I create a small shell script at the root directory of the project call make_coveage.sh, it calls our python unit test files (which I’ll coverage later), it removes coverage from /usr/ so we don’t get files we don’t own, combine the report, and create an xml file that sonar can read.

rm -rf .coverage
coverage run --parallel-mode --omit "/usr/*" src/tests/cruise_test.py
coverage run --parallel-mode --omit "/usr/*" src/tests/website_test.py
coverage combine
coverage report
coverage xml

Next, i make the unit test file, which right now will just import the file i want to test, right now i’m not going to write any test so all the function in these files will not get called and show up as not having coverage. Because both Website and Cruise import database_setup it going to appear as having 100% coverage even though we didn’t write any test for it

import os
import sys

BASE_DIR = os.path.dirname(os.path.dirname(os.path.realpath(__file__)))
if BASE_DIR not in sys.path:
    sys.path.insert(0, BASE_DIR)

import cruise

I then run ./make_coverage.sh to make the coverage.

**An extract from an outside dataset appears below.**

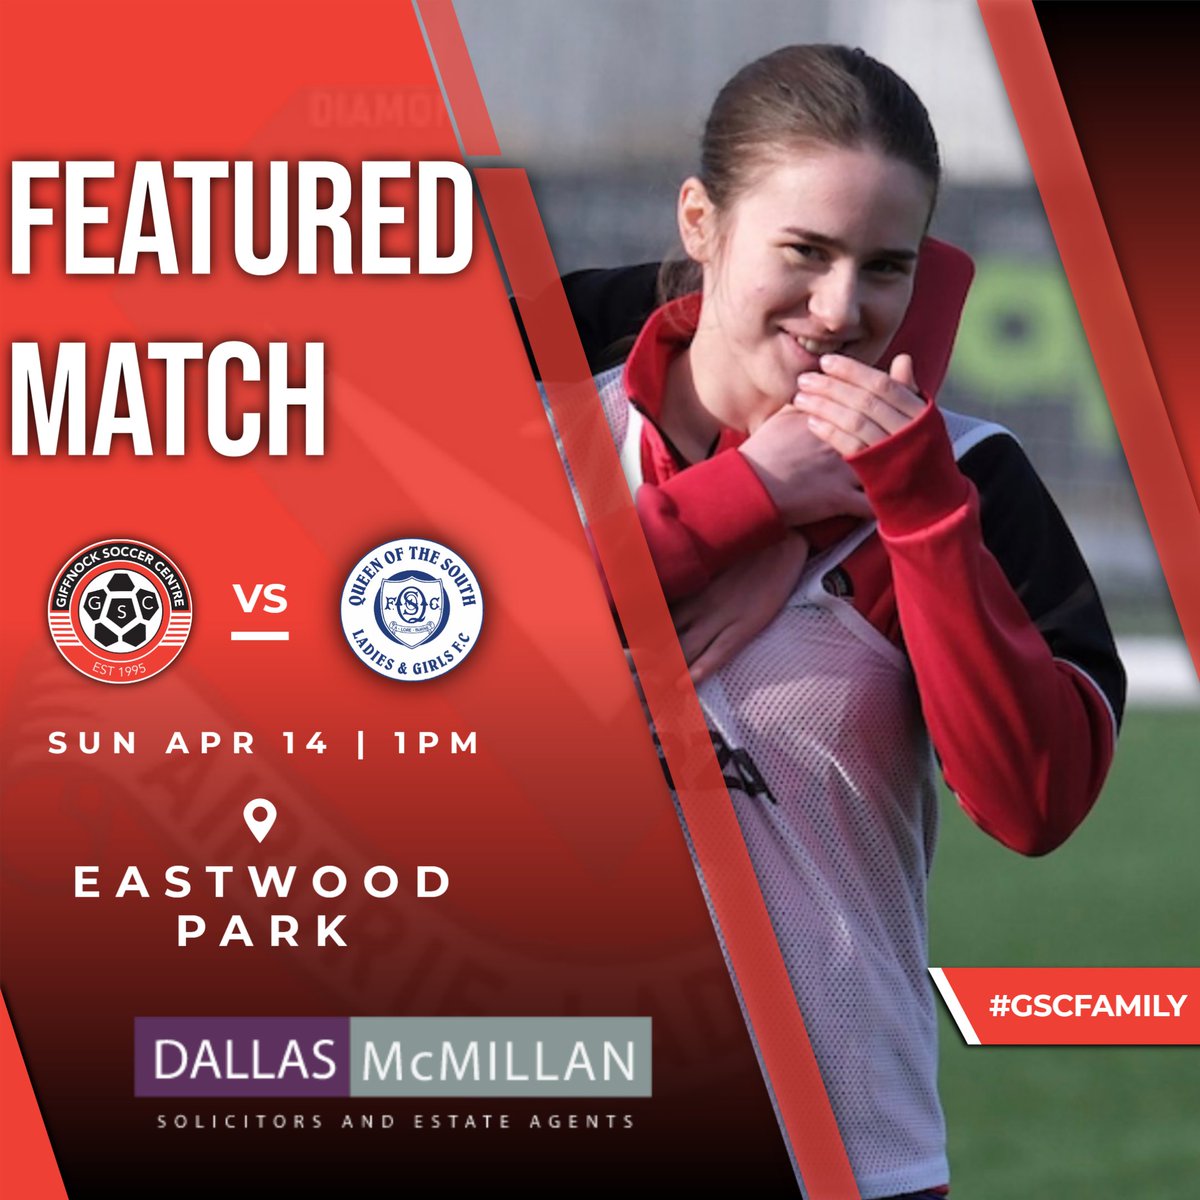 𝗙𝗘𝗔𝗧𝗨𝗥𝗘𝗗 𝗠𝗔𝗧𝗖𝗛 🔴⚽⚫ Come along to Eastwood Park this Sunday to support the girls in their final home league match of the season! 👕 GSC Women 🆚 Queen of the South Ladies 📍 Eastwood Park 🕐 1pm KO 📆 Sunday 14 April #monthenock #gscfamily

carchi (0.1.3) cheap-cruise-finder $ ./make_coverage.sh 
Name                        Stmts   Miss  Cover
-----------------------------------------------
src/cruise.py                  71     46    35%
src/database_setup.py          32      0   100%
src/tests/cruise_test.py        6      0   100%
src/tests/website_test.py       6      0   100%
src/website.py                 30     12    60%
-----------------------------------------------
TOTAL                         145     58    60%

After the test have run i can see my project is currently at about 60% coverage, but how can that be, we haven’t written any test? Coverage is showing us the line that has been executed. In this case when we import src/cruise.py we are importing all the code from /src/database_setup.py, it not telling us a test on it or not. So We will need to keep that in mine even if we have 100% coverage it doesn’t mean every line has a test that ran against it, just every line was hit while we ran coverage.

Now if we add this line

sonar.python.coverage.reportPath=coverage.xml

to our sonar properties file and rerun sonarcloud we will now see our coverage. Clicking on it we can will be able to see the exact line that are covered or not covered in our code.
Screen Shot 2017-10-11 at 5.28.43 PM

Flask: Creating a simple website with using sqlalchemy

From the previous post we have scrapped a website using Beautiful Soup to get cruise data, and we have stored that data in a simple database. Now we want to show this data on a website that shows us the cheapest cruise. There 2 python package i know that do this pretty well. Django, and Flask. Django is a complete web framework, it has pretty much everything you’d want for putting together a website with python on the backend. Flask is a much lighter weight package (they even call it a microframework). For this project right now i’m going to start off by using Flask, if i feel this is going to become more than just a fun side project, i might switch over to Django.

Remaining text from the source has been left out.